The glove had been dropped. Korea’s entire political community watched as Lee’s younger son was flown in from Boston to be measured on national television. Military records listed young Lee’s height at 172 centimeters, though that figure was later amended to 165 by an American hospital; Rhee insisted that he was no taller than 160cm, that the measurements had been fudged to up the height-to-weight ratio and win military exemption. Viewers across Korea tuned in for the big event as the young Korean removed his shoes and stood rigid against the measuring board. The cameras snapped, the audience leaned in: the tape read 164.5 centimeters. Stubbornly noting the half-centimeter discrepancy, Rhee stayed in the race and continued his accusations against Lee.

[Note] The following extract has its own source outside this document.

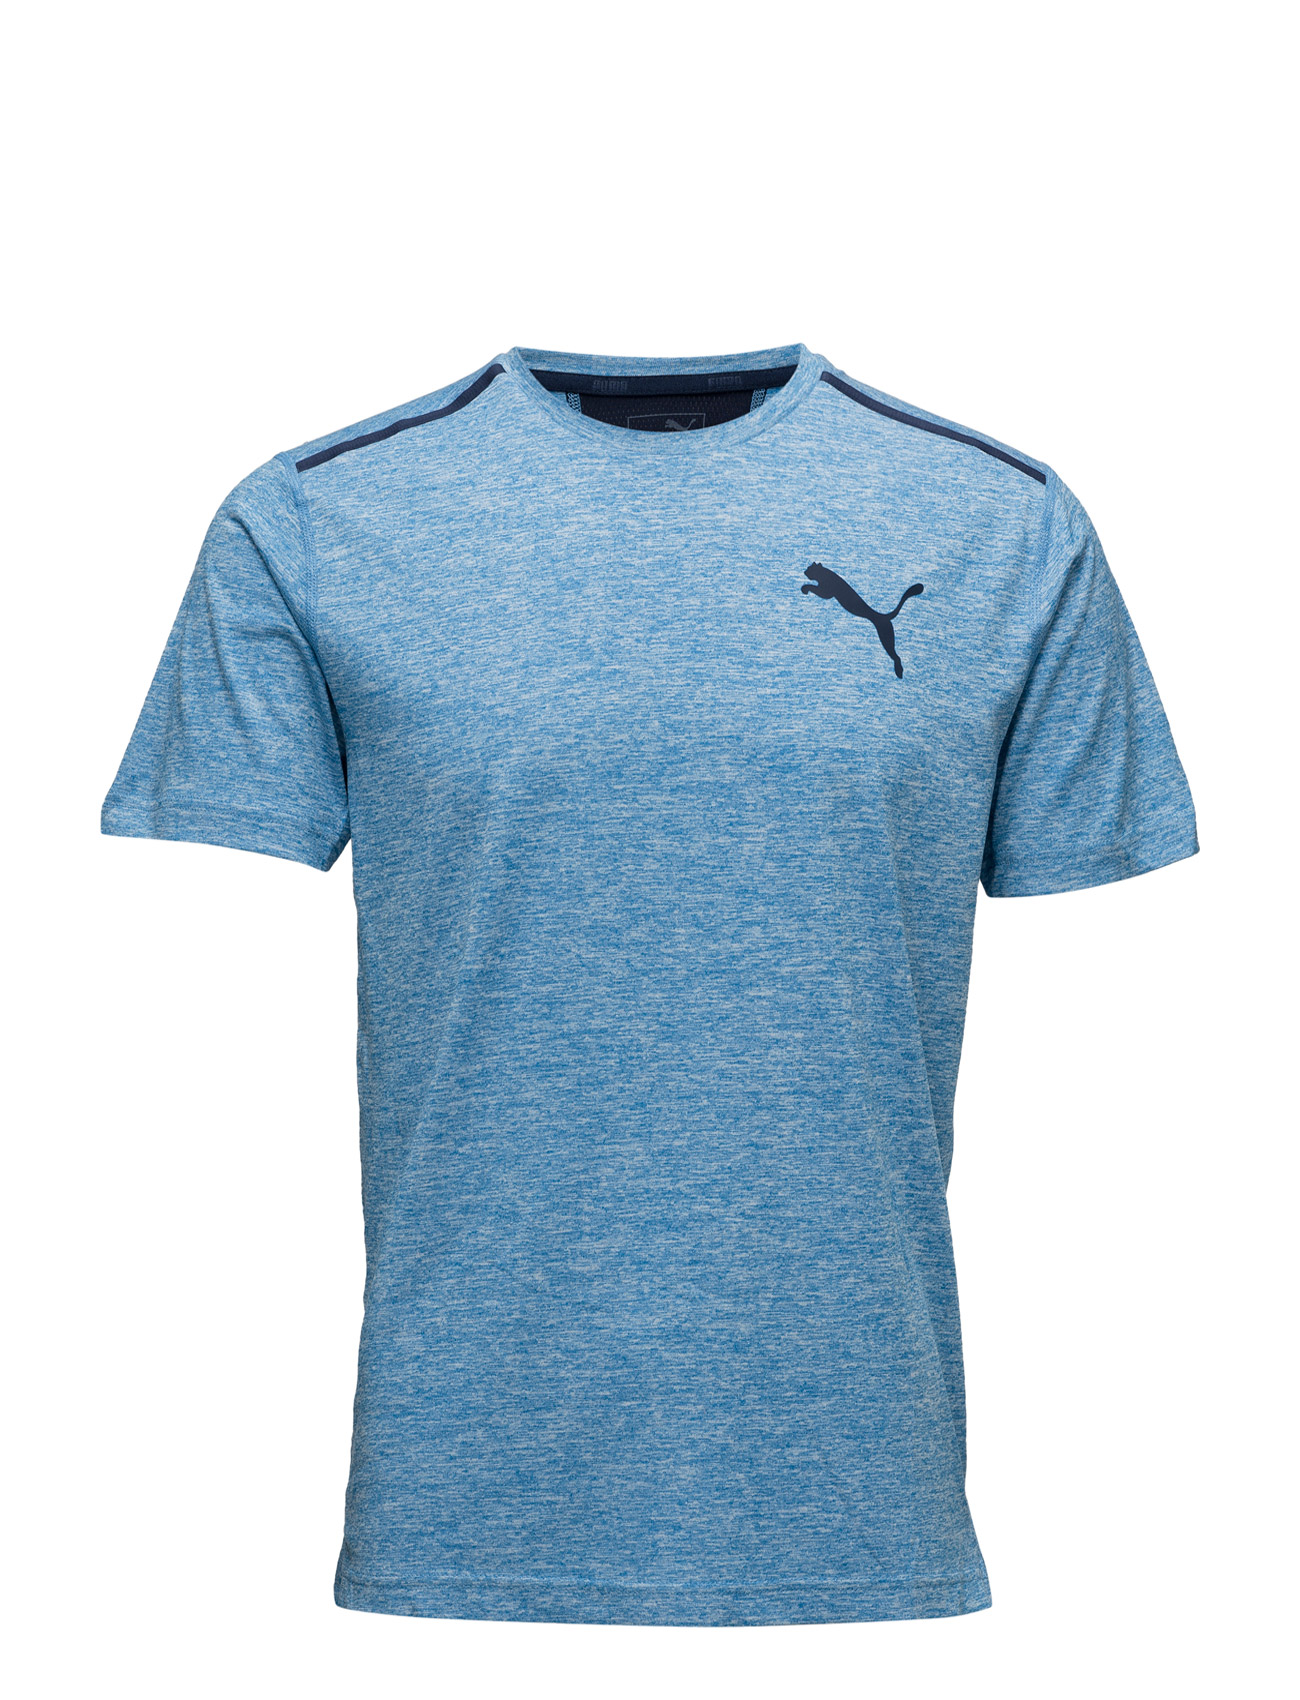 Bonded Tech Ss Tee PUMA SPORT Løbe t-shirts til Mænd i

On December 18, Kim Dae-jung was elected president over Lee by a 1.6 percent margin. The western press — which had previously paid little attention to the election — had a new Asian hero. Newspapers and magazines around the world published accounts of his past resistance to dictators, of the various attempts on his life. Almost no mention was made of the back-stabbings, leper colonies and televised half-centimeters the characterized the election.

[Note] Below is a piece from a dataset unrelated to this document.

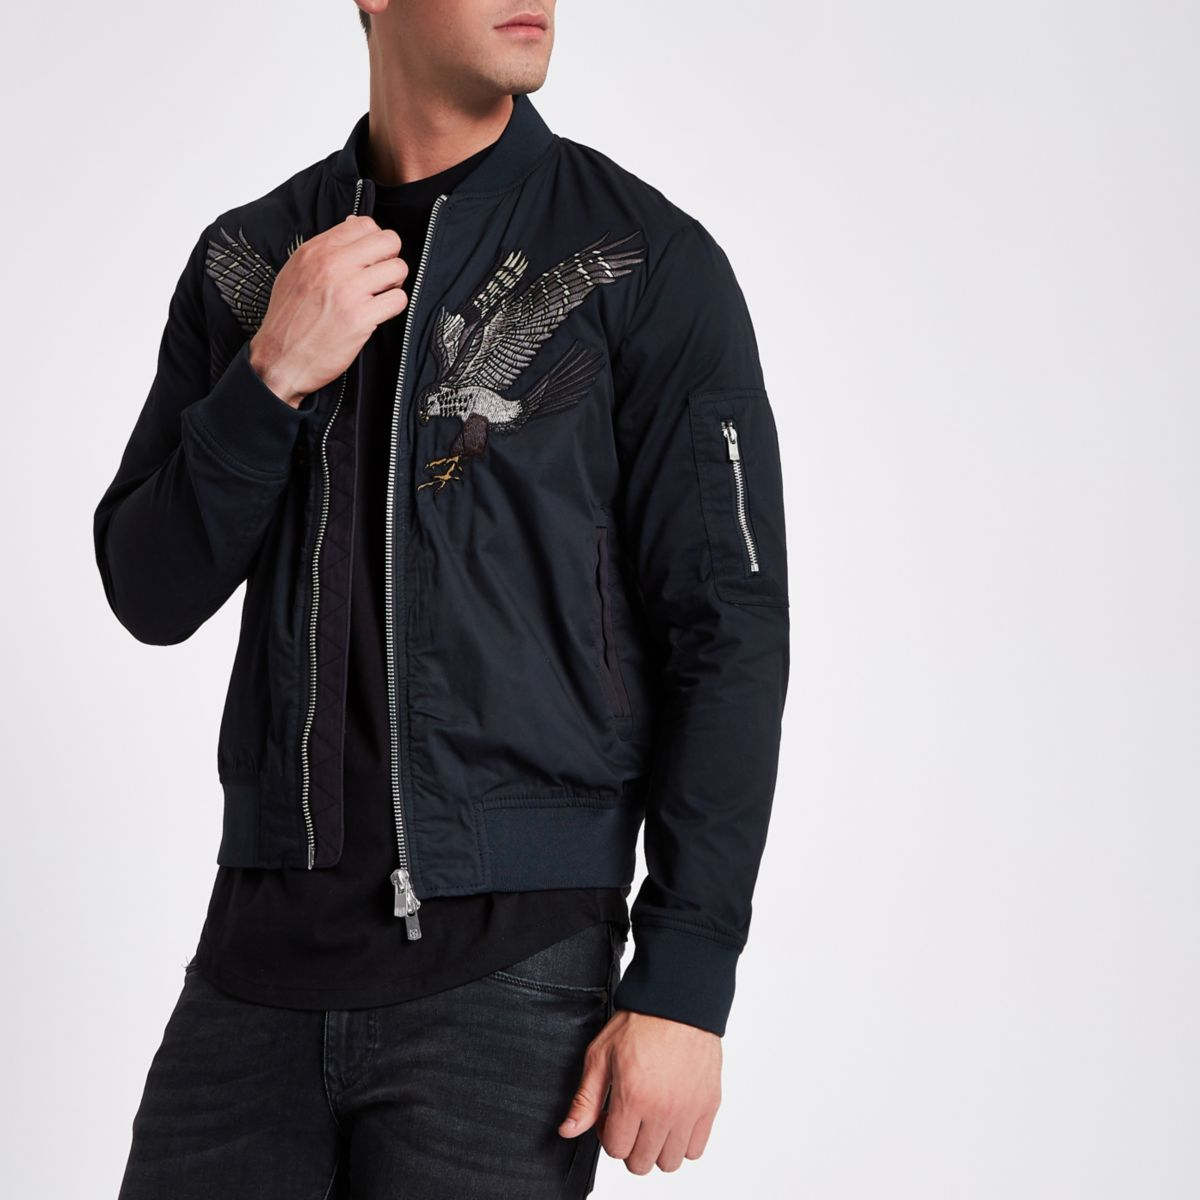 Navy Jack & Jones bomber jacket

Perhaps that’s because the idiosyncrasies that got Kim Dae-jung elected were not mere sidebar news items about wacky politics in one fringe of the Pacific Rim. Essentially, Rhee In-je was to Kim as Ross Perot was to Bill Clinton; the union of Kim DJ and Kim JP as typically American as JFK and LBJ; Lee’s missing half-centimeter as trivial and devastating as Willie Horton’s weekend furlough.
Kim Dae-jung fully deserves the admiration of his American hosts. His life has been inspiring and praiseworthy. It’s just a little unsettling that — within the workings of the system he nearly died for — it took such pettiness to get him elected.
The unsung final step in Kim’s heroic rise reveals what successful American-style electoral democracy has become: a combination of shallow opportunism, marketing, chance and — buried in there somewhere — leadership.